Num país continental e desigual como o Brasil, o combate à Covid-19 impõe desafios logísticos quando a doença já contabiliza 1.532 mortes e aponta para uma perigosa tendência de interiorização. É por isso que municípios pequenos estão preocupados com o cenário que podem enfrentar nas próximas semanas com a disseminação do coronavírus pelo país. Os casos de Covid-19 ―uma doença cujos cuidados de pacientes graves dependem de uma estrutura hospitalar complexa que esses locais nunca tiveram― já começam a ser registrados. E, embora a ordem continue sendo a de enviar pacientes que necessitem de cuidados intensivos aos hospitais de referência das chamadas cidades polo, as redes regionais de saúde precisam ser reorganizadas tanto para conseguir atender a alta demanda imposta pela pandemia quanto para que as transferências aconteçam de forma segura. O desafio maior é nas regiões onde há um verdadeiro apagão de UTIs ―nas quais vive 14,9% da população que depende unicamente do SUS. Mas a situação é complexa em muitos municípios, nos quais faltam desde UTIs móveis para transportar pacientes mais graves até profissionais especializados para operá-las, como relatado no Ceará. No imenso Amazonas, os prefeitos cobram transporte aéreo disponível para os casos graves, numa doença de evolução rápida.

O Sistema Único Brasileiro é organizado em 451 regiões de saúde, que têm cidades de referência para garantir capilaridade no atendimento da população. É nessas cidades-polo ―geralmente com mais de 70.000 habitantes― que estão concentradas as unidades de terapia intensiva, que exigem um alto investimento para a implantação (com a compra de equipamentos) e para a manutenção (com equipes de intensivistas especializados que incluem médicos, enfermeiros e outros profissionais da saúde), para atender a determinados grupos de municípios. Há um fluxo histórico dos locais para onde os pacientes mais graves das cidades pequenas devem ser encaminhados, caso precisem de cuidados hospitalares mais complexos.

O problema é que essa estrutura atual pode ser insuficiente para a demanda da epidemia do coronavírus e sua distribuição é desigual entre as regiões do país. Um estudo da FGV mostra que 14,9% da população que depende exclusivamente do SUS não contam com nenhum leito de UTI na região (e não apenas na cidade) em que residem. Essas regiões estão principalmente nas regiões Norte, Nordeste e Centro-Oeste.

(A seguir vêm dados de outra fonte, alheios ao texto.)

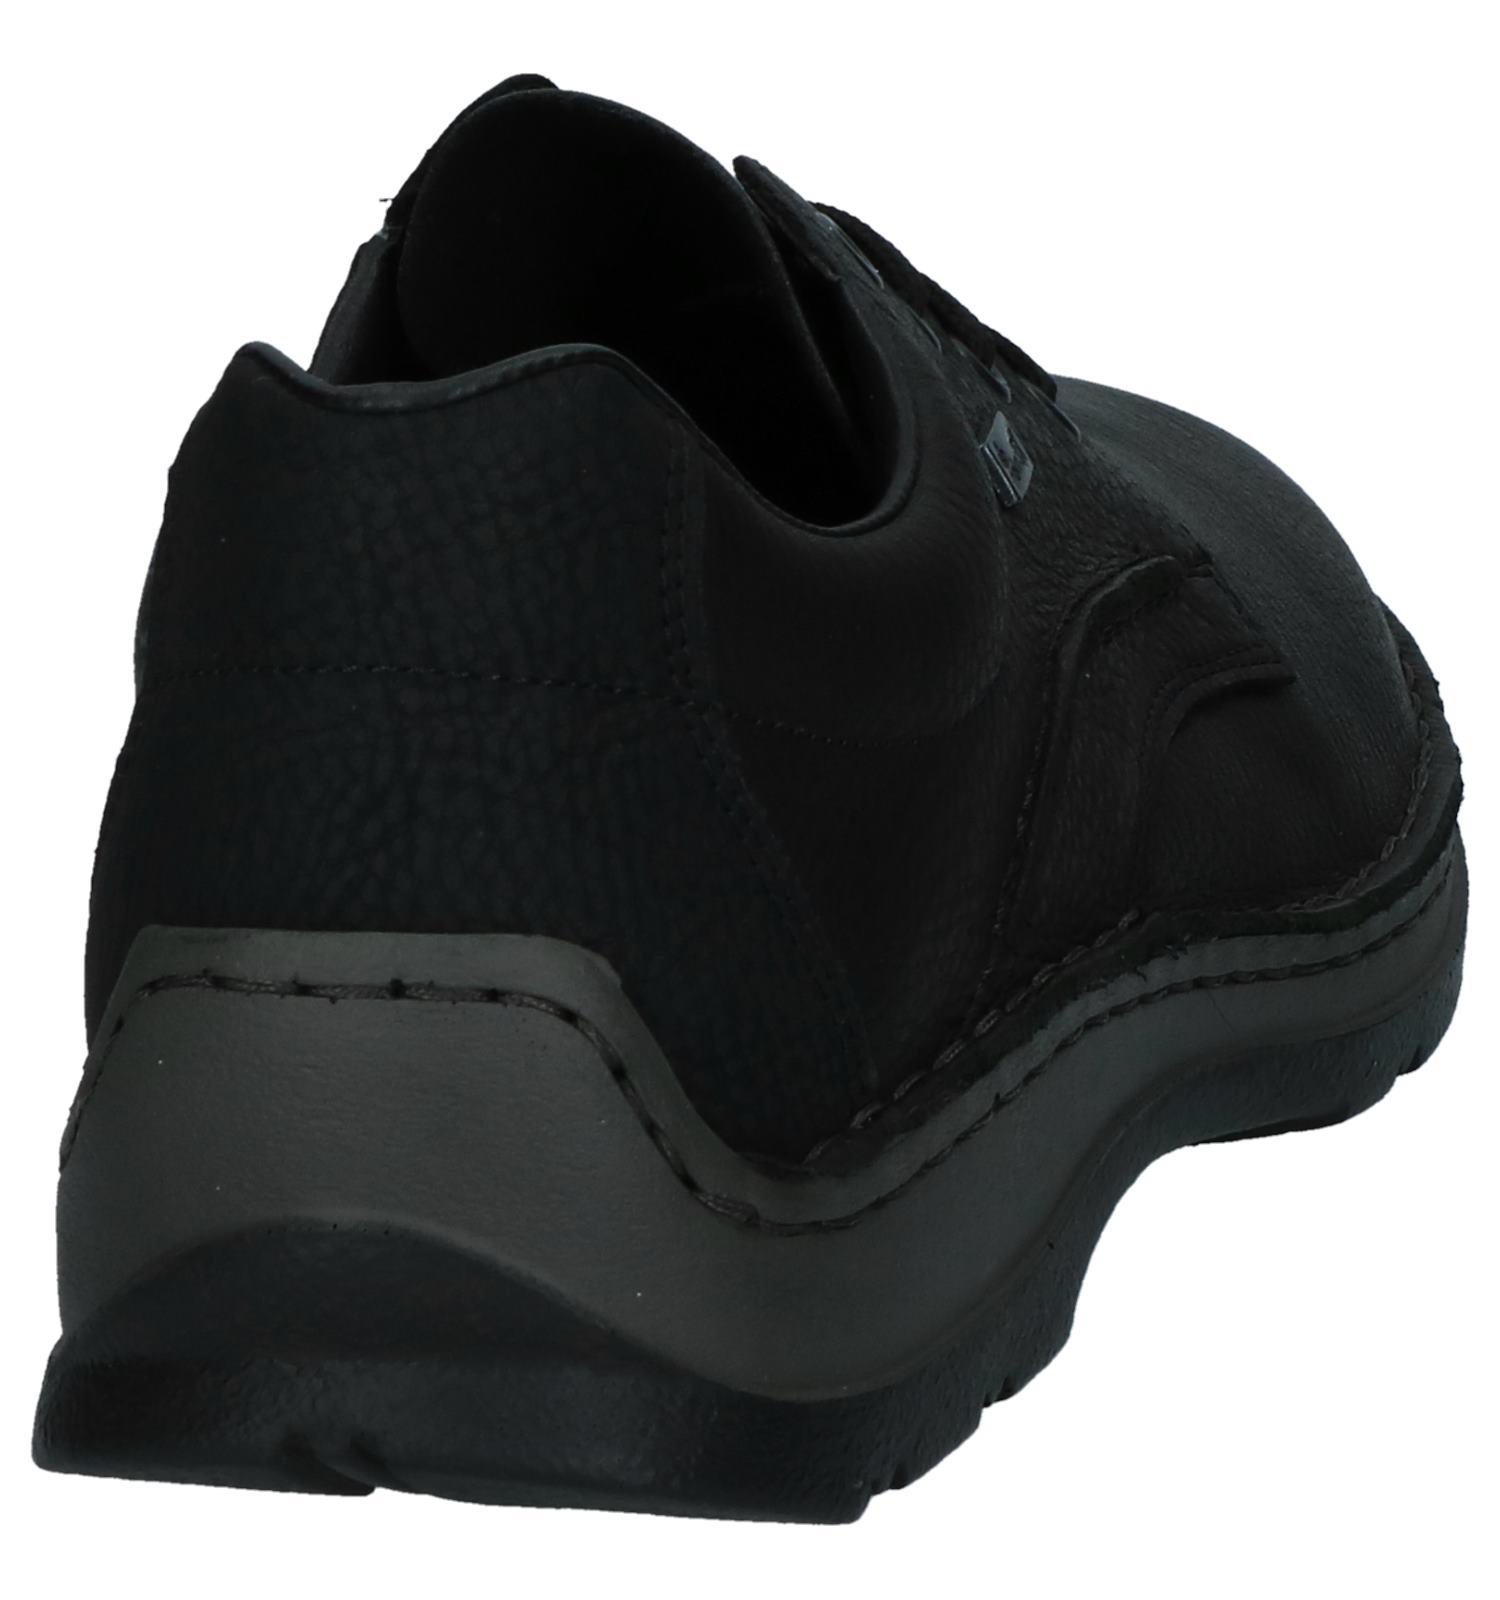 Rieker Zwarte Veterschoenen Veterschoenen Zwarte Rieker Comfortabele Rieker Comfortabele MpLjUGqzSV
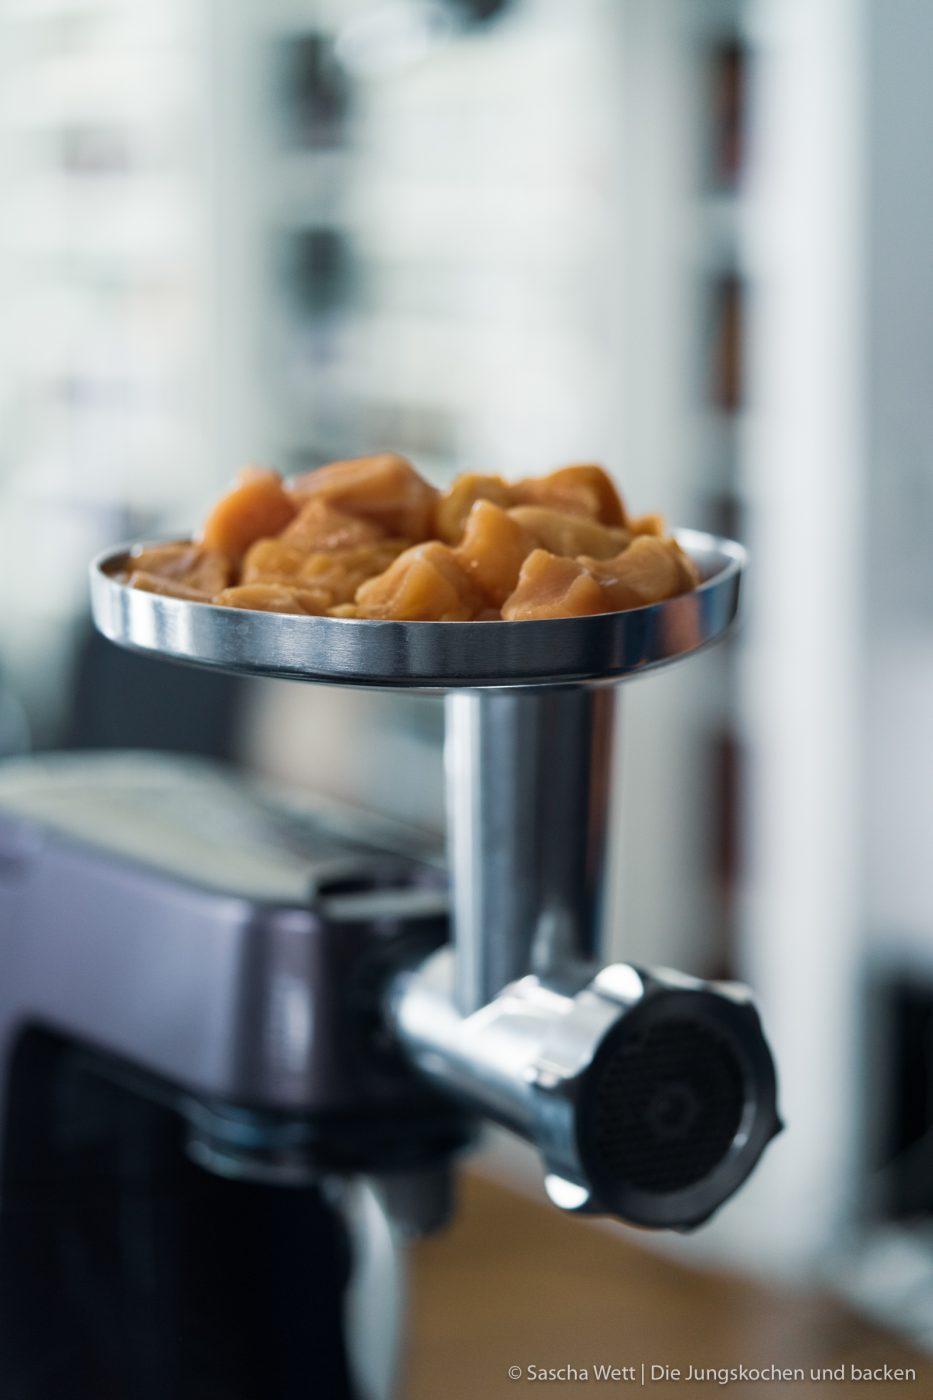 Chicken Peanut Balls ültje pur 1 | Es ist mal wieder Zeit für ein neues Rezept, das wir gemeinsam mit ültje entwickelt haben. Aktuell stehen bestimmt auch viele von euch regelmäßig am Grill und wir dachten, wir zeigen euch ein Knaller-Rezept für eure nächste Grillsession. Unfassbar gute Chicken-Bacon Bombs mit einer würzigen Erdnussfüllung. Da läuft einem doch direkt das Wasser im Mund zusammen, oder?!

Segundo o mesmo estudo, em 72% das regiões de saúde, o número de leitos de UTI pelo SUS é inferior ao considerado adequado em um ano típico, sem a influência da Covid-19. Há um padrão similar com relação a ventiladores e respiradores nesses locais, equipamentos cruciais no atendimento dos pacientes infectados com o novo coronavírus.

Imagem de estudo da FGV sobre leitos de UTI do SUS.

No momento, governadores ainda trabalham para expandir as redes locais e criar mais leitos nas cidades de referência. Enfrentam uma escassez global de insumos, embora recentemente tenham começado a receber equipamentos e recursos do Governo Federal. Enquanto isso, prefeitos adotam medidas de isolamento social para tentar retardar a chegada do problema. Também trabalham para adaptar os pequenos hospitais que dispõem para receber pacientes com outras doenças e, assim, desafogar os hospitais de referência. A ideia é tentar abrir espaço para a transferência precoce de seus pacientes com Covid-19, que podem ficar em observação em leitos de enfermaria já na cidade polo, caso precisem ser entubados rapidamente. Isso porque há municípios pequenos que não têm estrutura de UTI móvel e profissionais especializados para transferir pacientes muito graves com segurança. A necessidade de reforçar as redes locais é latente em todo o país, mas as características de cada região e a desigualdade entre os sistemas de saúde de cada Estado impõem planos e desafios diferentes.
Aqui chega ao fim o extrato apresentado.